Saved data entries
____________________

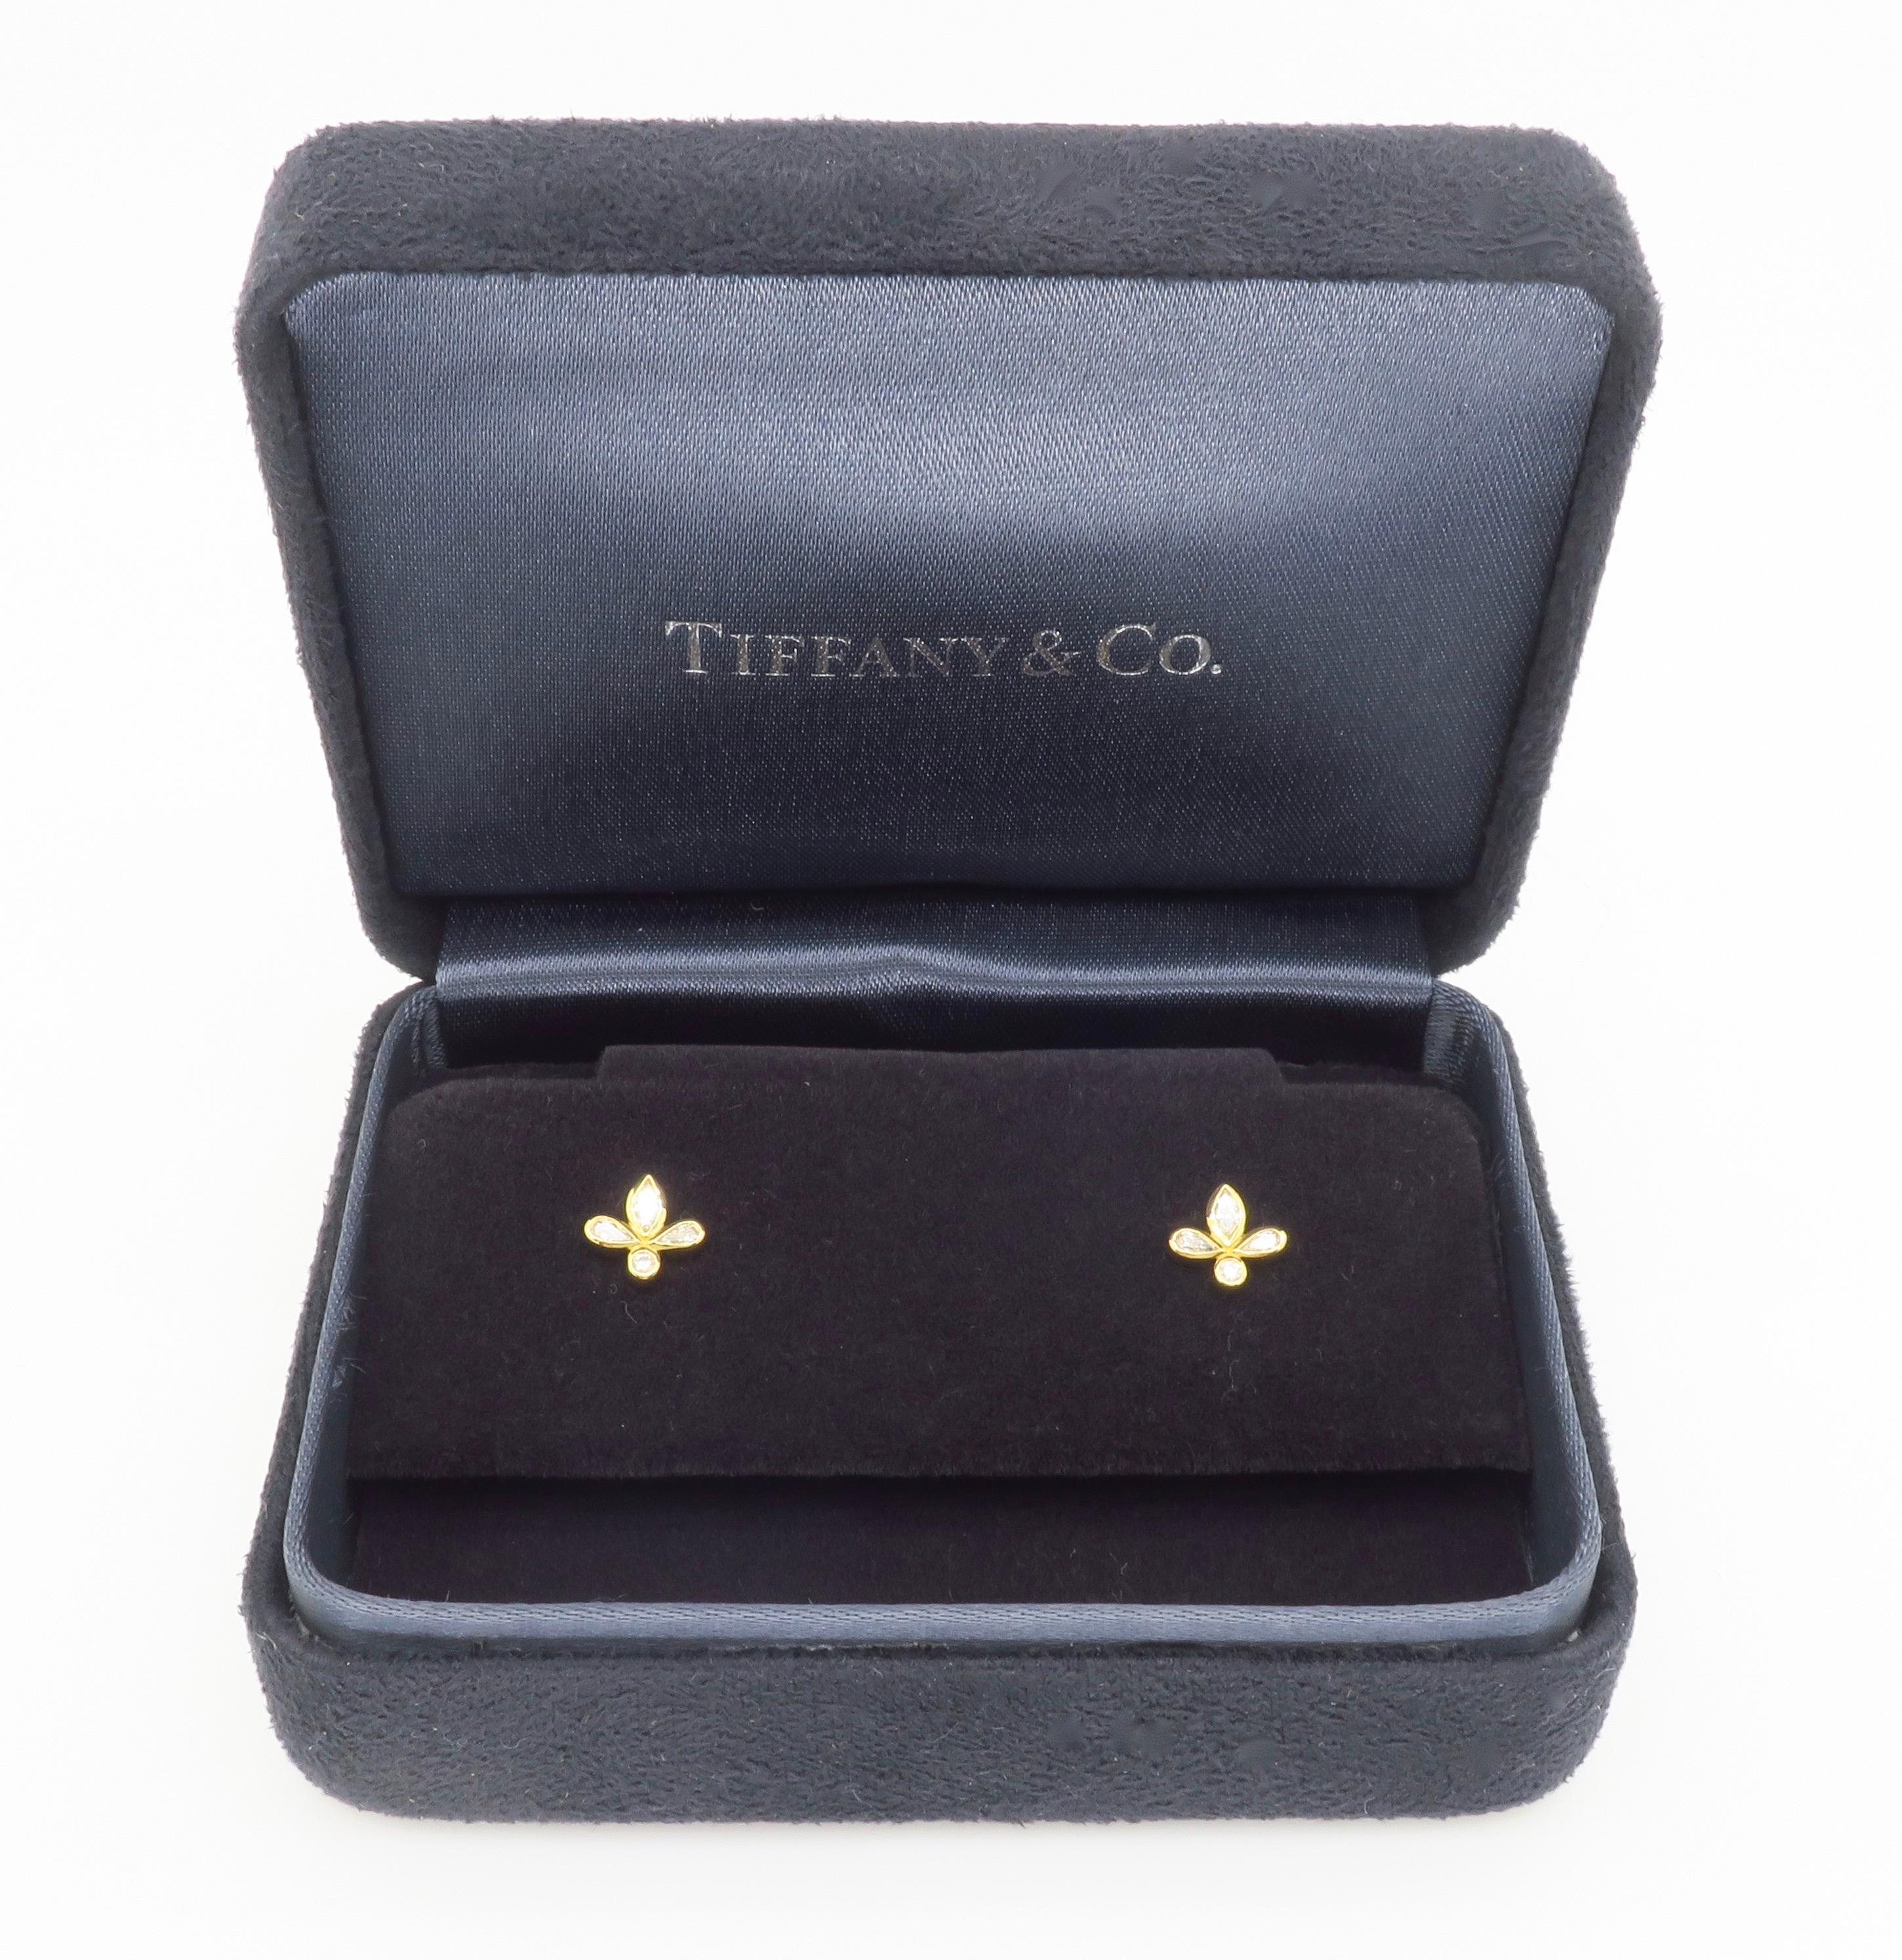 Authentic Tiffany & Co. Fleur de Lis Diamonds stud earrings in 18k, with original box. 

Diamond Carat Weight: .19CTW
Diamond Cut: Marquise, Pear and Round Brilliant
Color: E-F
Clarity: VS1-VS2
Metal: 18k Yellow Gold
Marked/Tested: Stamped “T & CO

____________________

Task to carry out:
Only the lines from the one containing "Metal: 18k Yellow Gold" through the final line of the data belong in the answer, repeated exactly.

Response area:
Metal: 18k Yellow Gold
Marked/Tested: Stamped “T & CO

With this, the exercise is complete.